Cluster or partition the raw experiment table on assigned_at and experiment_id. Most A/B queries are scoped to one experiment over a fixed window. Date partitioning alone is not enough if you run dozens of concurrent tests. Add experiment_id to the cluster key on Snowflake and BigQuery; in Postgres use a multi-column index.
Use APPROX_COUNT_DISTINCT and APPROX_QUANTILES (BigQuery), HLL_COUNT_DISTINCT (Snowflake), or percentile_disc with sampling (Postgres) for distinct counts and tail percentiles. Exact versions are O(n log n) or worse and will blow up your slot quota. Approximate is fine for monitoring; switch to exact only for the final launch number.
Related reading
- SQL window functions interview questions
- SRM (Sample Ratio Mismatch) explained
- CUPED for variance reduction in A/B testing
- Guardrail metrics in A/B testing
- A/B testing peeking mistake
- How to calculate Bonferroni correction in SQL
If you want to drill A/B SQL questions like these on schedule, NAILDD is launching with hundreds of SQL problems built around exactly this pattern.
FAQ
Do I need Python to analyze A/B tests properly?

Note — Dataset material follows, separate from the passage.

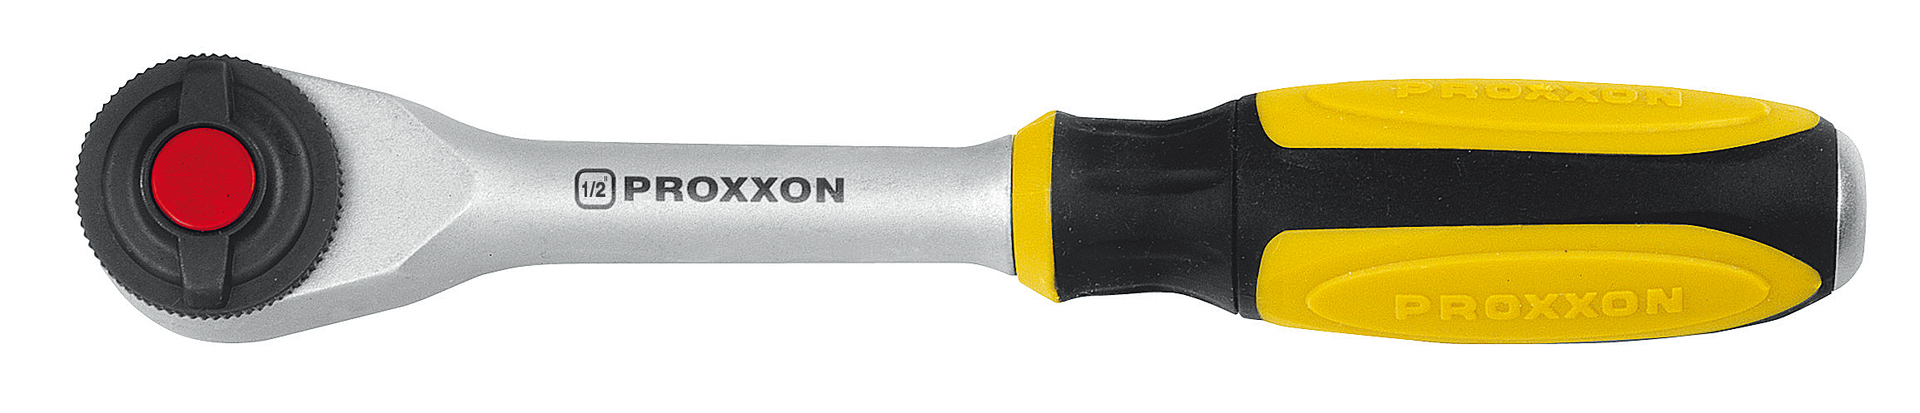 PROXXON GmbH Rotary-Ratsche

For monitoring, lift calculations, CIs, segmentation, and SRM checks, SQL is enough and arguably better because the entire team can re-run the query. Python becomes necessary for exact p-values from non-standard distributions, sequential testing with mSPRT or alpha-spending, hierarchical models, or bootstrap with custom statistics. Most companies run 80 to 90 percent of routine readouts in SQL and reach for Python only for the long tail.

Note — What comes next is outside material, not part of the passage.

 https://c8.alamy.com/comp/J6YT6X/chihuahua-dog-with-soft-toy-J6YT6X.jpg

How do I compute a p-value without a normal CDF?
Three options. Ship the z-statistic and CI from SQL; the team can read z greater than 1.96 as significant at 95 percent without an exact p. Or write a polynomial approximation of the normal CDF as a UDF (Abramowitz and Stegun is accurate to 1e-5). Or export z to Python and run scipy.stats.norm.sf. The first covers most decisions.
How do I handle assignment when users see both arms?

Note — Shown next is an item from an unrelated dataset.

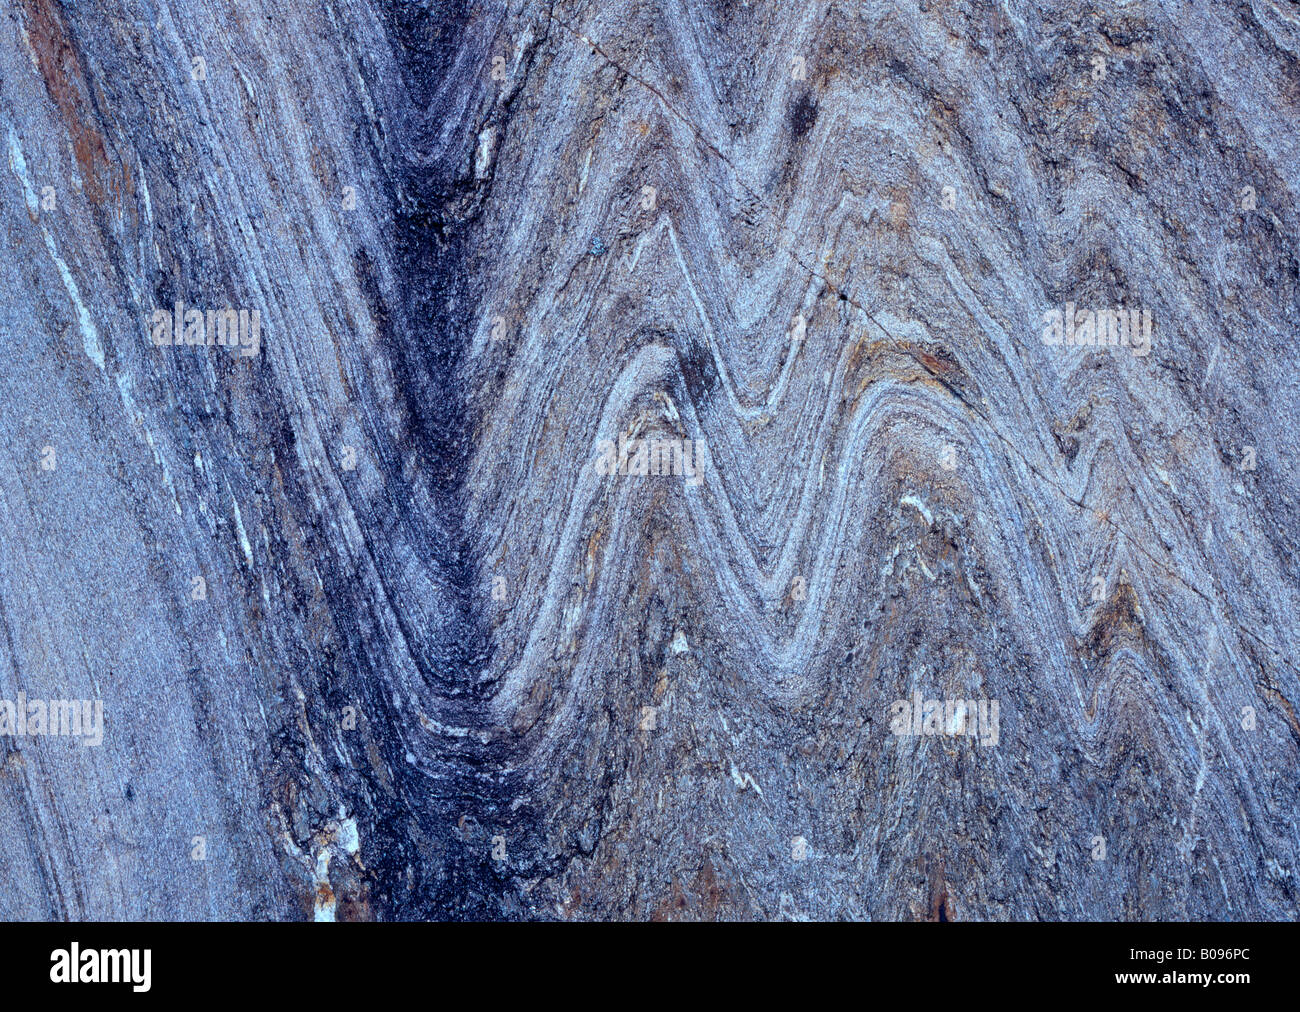 Textured, layered rock surface, Tirol, Austria Stock Photo

This means the assignment layer is broken or the unit of randomization does not match the unit of analysis. If users genuinely flip variants (cross-contamination), the experiment is invalid and a SQL fix cannot rescue it. If users were misassigned due to a logging race, keep the first assignment per user and drop the rest. Document the exclusion rule and make sure SRM is computed on the post-exclusion sample.
Can I trust standard SQL STDDEV for revenue metrics?
Yes for sample standard deviation. Most warehouses compute the n-minus-1 version by default, which is what you want. But revenue has fat tails, so a single outlier can move STDDEV by 30 percent. Trim the top 0.1 percent or winsorize before computing variance, and report both trimmed and untrimmed.
How long should I run an A/B test before I read it?
Long enough to hit the pre-registered sample size from power analysis, and long enough to cover a full weekly cycle. Reading at day three because the dashboard looks good is how you ship noise. Sequential frameworks let you peek earlier with controlled false positive rates; vanilla z-tests do not.